In this piece, we discuss the 7 Best Memory Stocks to Buy According to Analysts.

Memory has emerged as one of the clearest winners from the artificial intelligence (AI) chip buildout. The oligopolistic memory market is led by Samsung Electronics, SK Hynix, and Micron Technology. These players control more than 90% of the DRAM market. On March 29, 2026, Counterpoint Research noted that the DRAM market recorded 30% quarter-over-quarter growth in Q4 2025, representing the second consecutive quarter of 30% QoQ growth amid increasing memory prices.

As training and inference workloads become more demanding, the appetite for high-bandwidth and advanced DRAM has grown accordingly, and the market has taken notice.

By March 2026, the story had moved beyond demand and into supply.

CNBC reported that the world’s leading memory producers were dealing with a market defined by tight supply and stronger pricing, with earnings coming in well above expectations. The message was straightforward: new capacity cannot be brought online quickly. Meanwhile, AI demand is not a temporary wave, CNBC further added. Instead, it appears to be rewiring industry fundamentals.

That thesis faced a real test on March 26, 2026, when CNBC reported that Google’s TurboQuant research rattled memory-chip stocks. The concern was simple. If AI models could be built to use far less memory, the demand story falls apart. Google said that TurboQuant, a new compression method, could reduce the memory required to run large language models by 6x.

But the selloff did not hold up under scrutiny.

Rather than signaling a simple collapse in demand, TurboQuant shifted the debate toward efficiency, architecture, and what the next phase of AI infrastructure may look like.

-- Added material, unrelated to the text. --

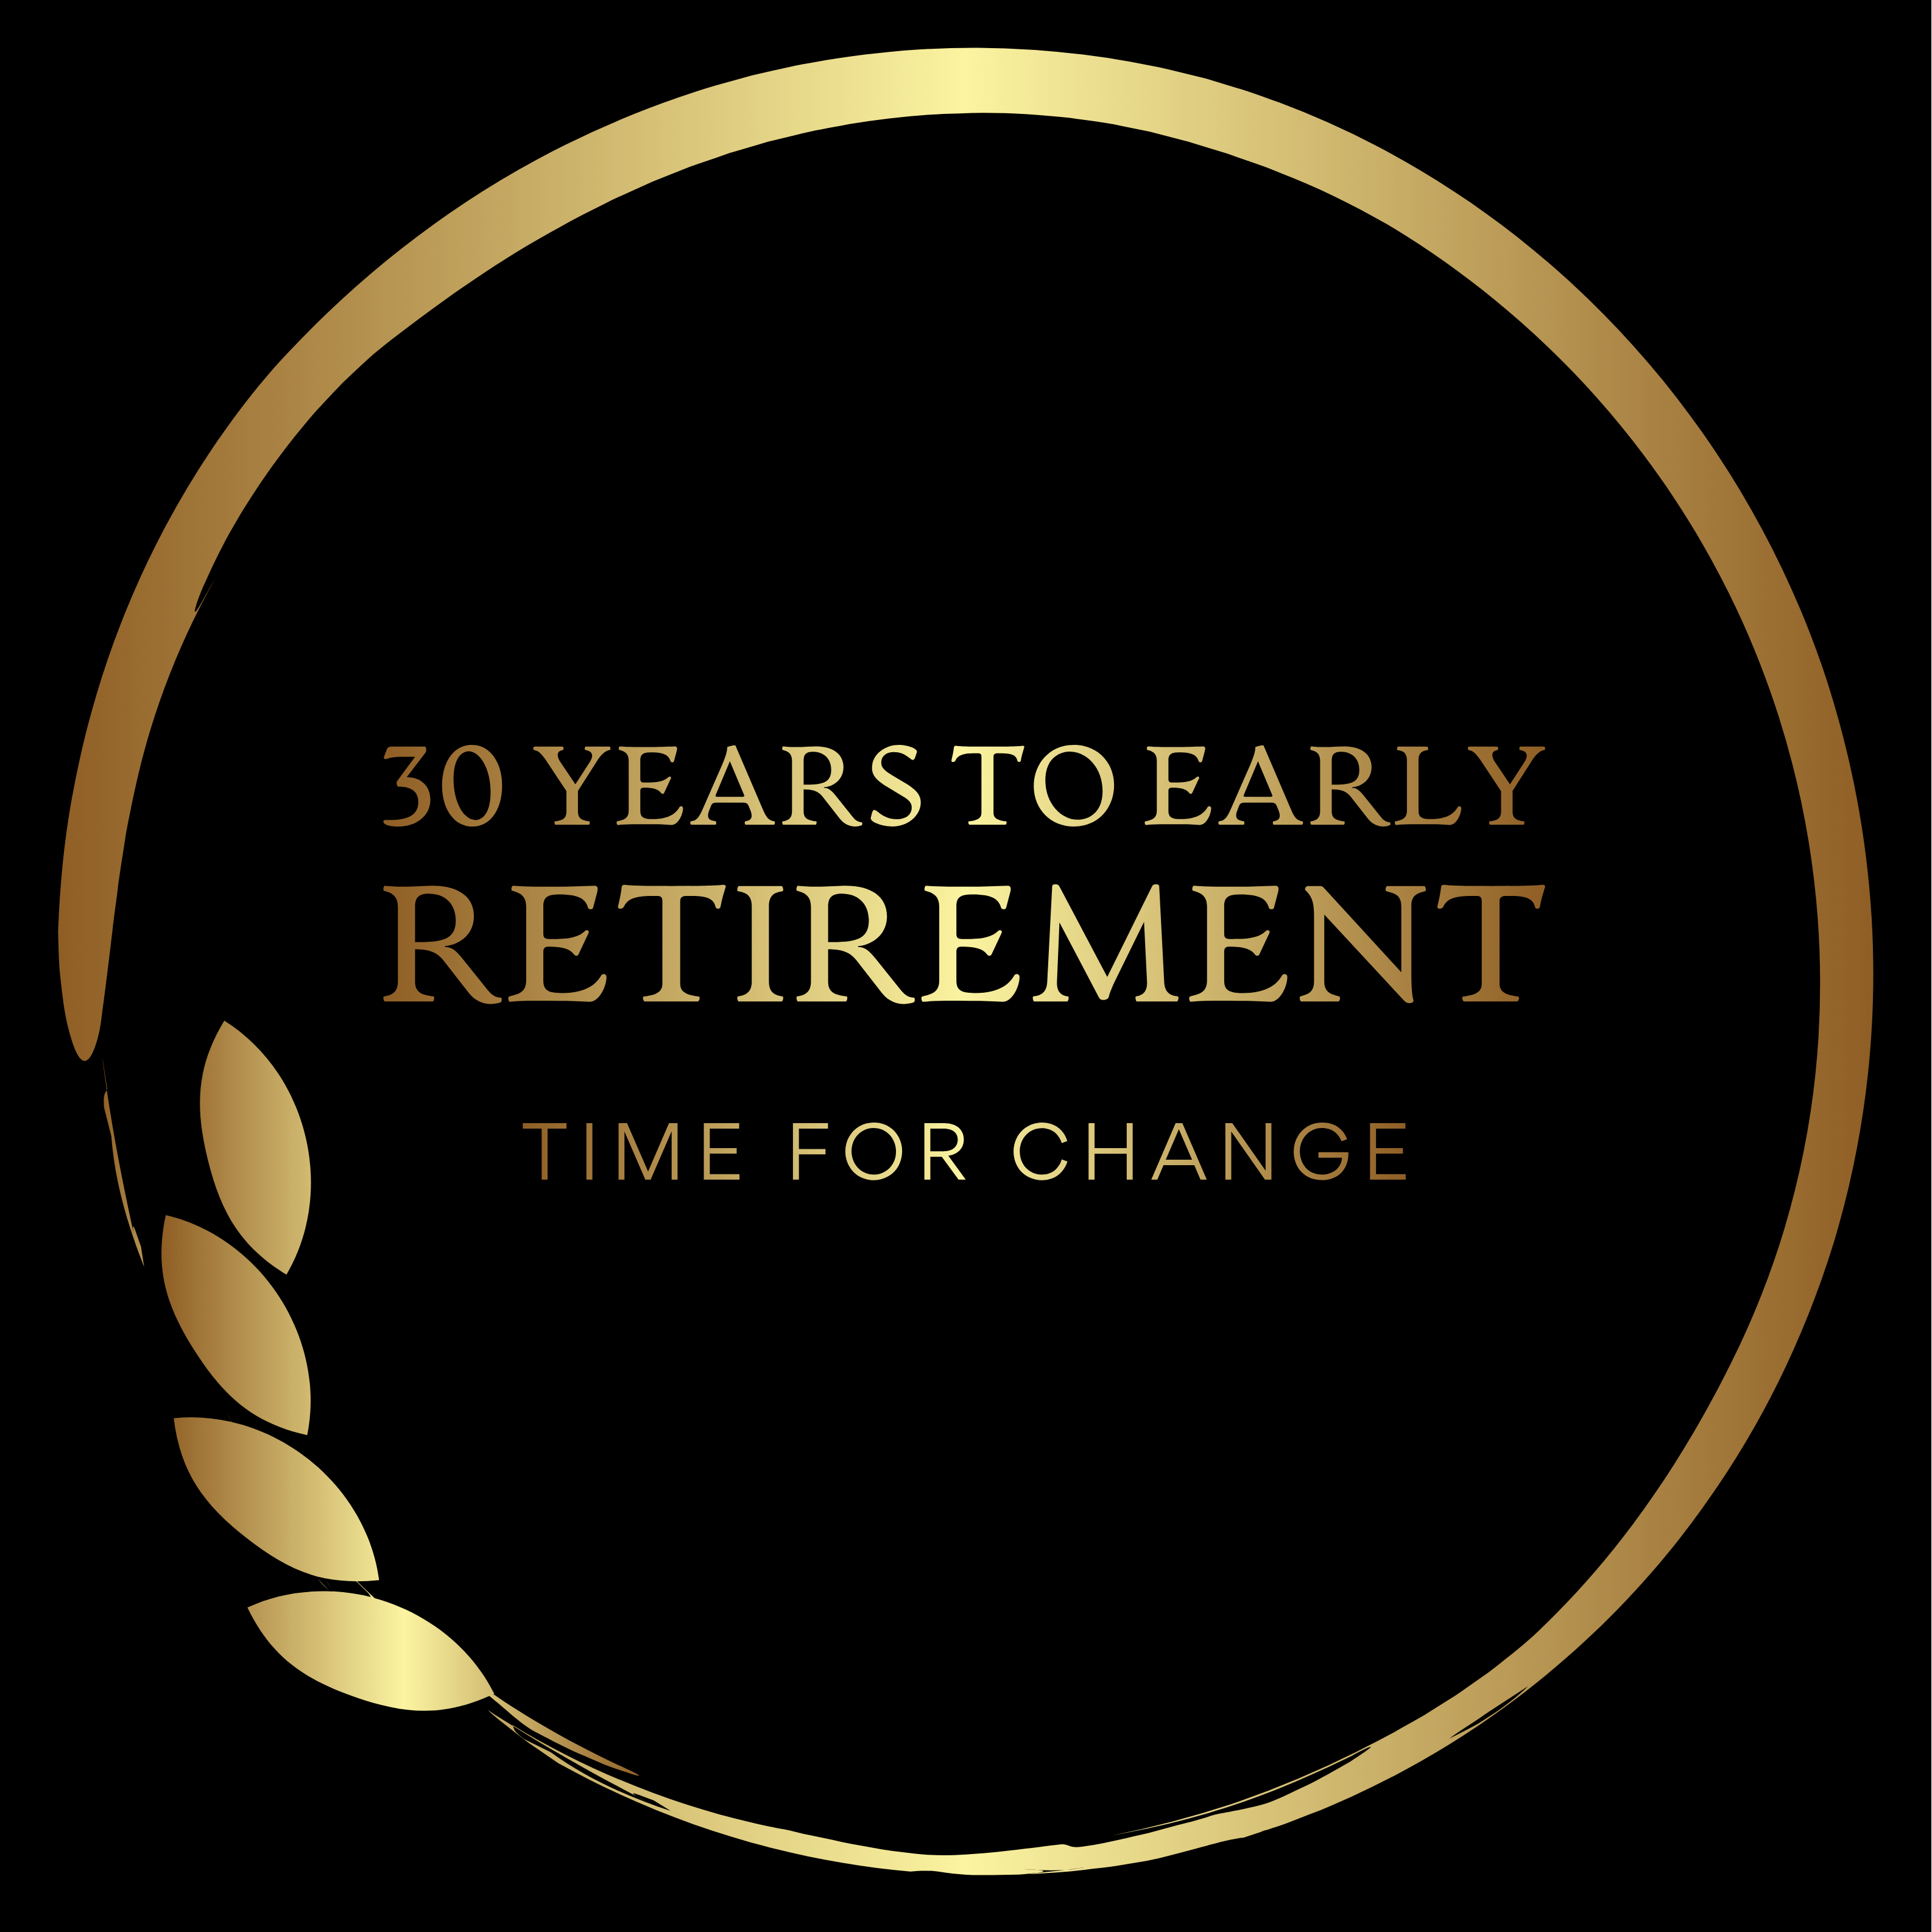 30 Years to Early Retirement
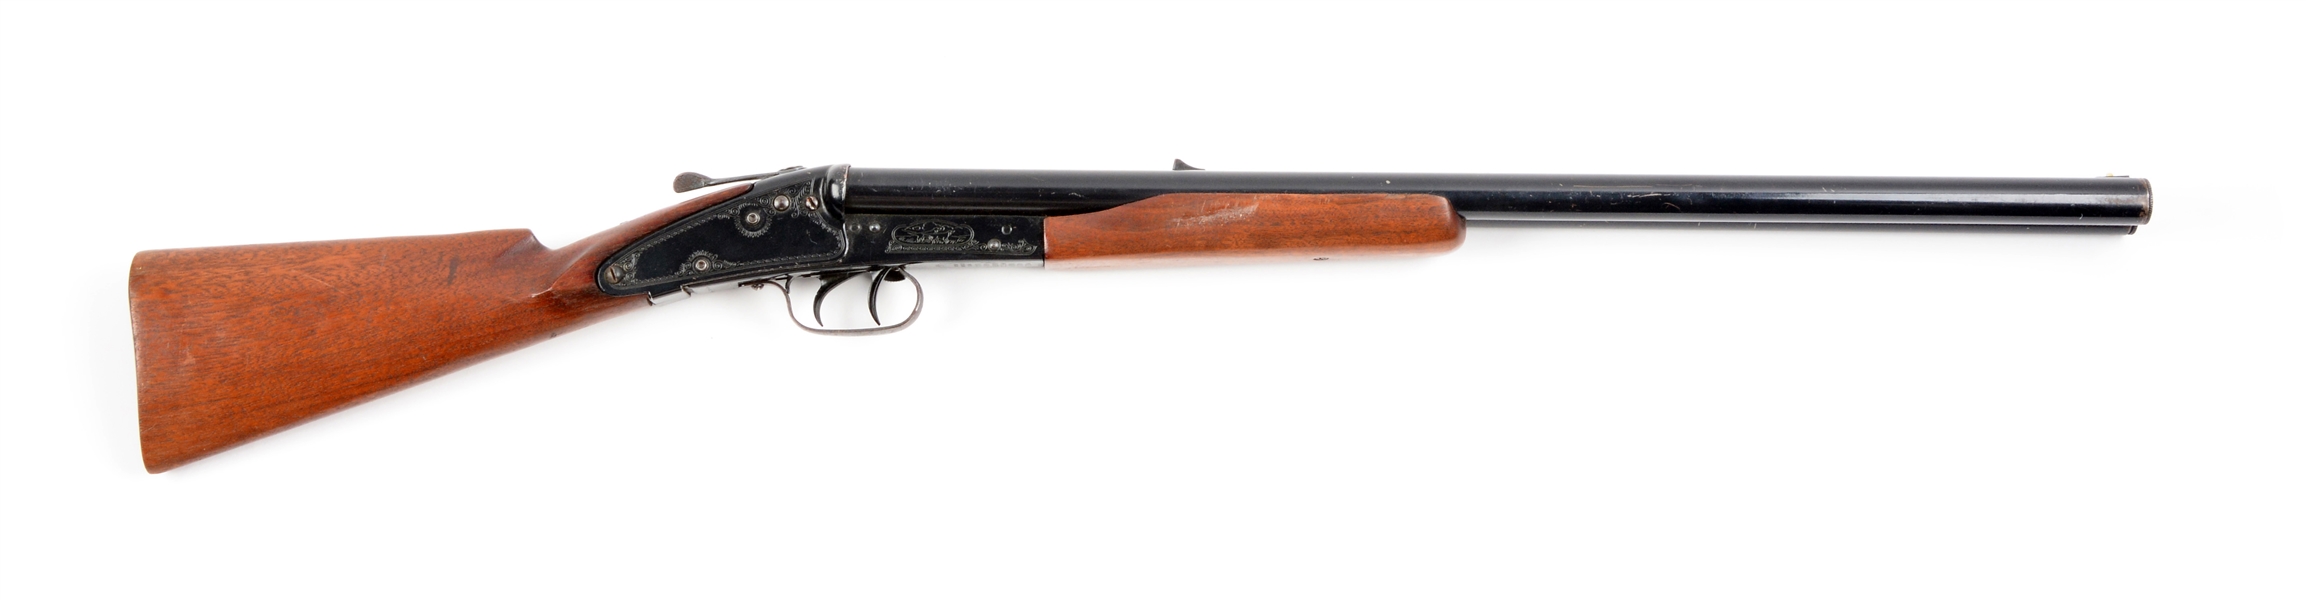 DAISY MODEL 21 SEARS SIDE BY SIDE AIR RIFLE.

Against that backdrop, the memory stocks analysts favor most are those positioned to benefit from a market where AI is simultaneously squeezing supply, raising strategic value, and forcing investors to separate immediate volatility from the broader structural memory opportunity.

Our Methodology

To curate our list of the best memory stocks, we scanned financial media and stock screeners to identify memory-related stocks with upside potential exceeding 10%, as of April 20, 2026. These stocks are also popular among hedge funds.

To assess hedge fund sentiment, we used Insider Monkey’s hedge fund database, which tracks more than 1,000 elite hedge funds as of the fourth quarter of 2025. We then ranked our final list in ascending order of upside potential.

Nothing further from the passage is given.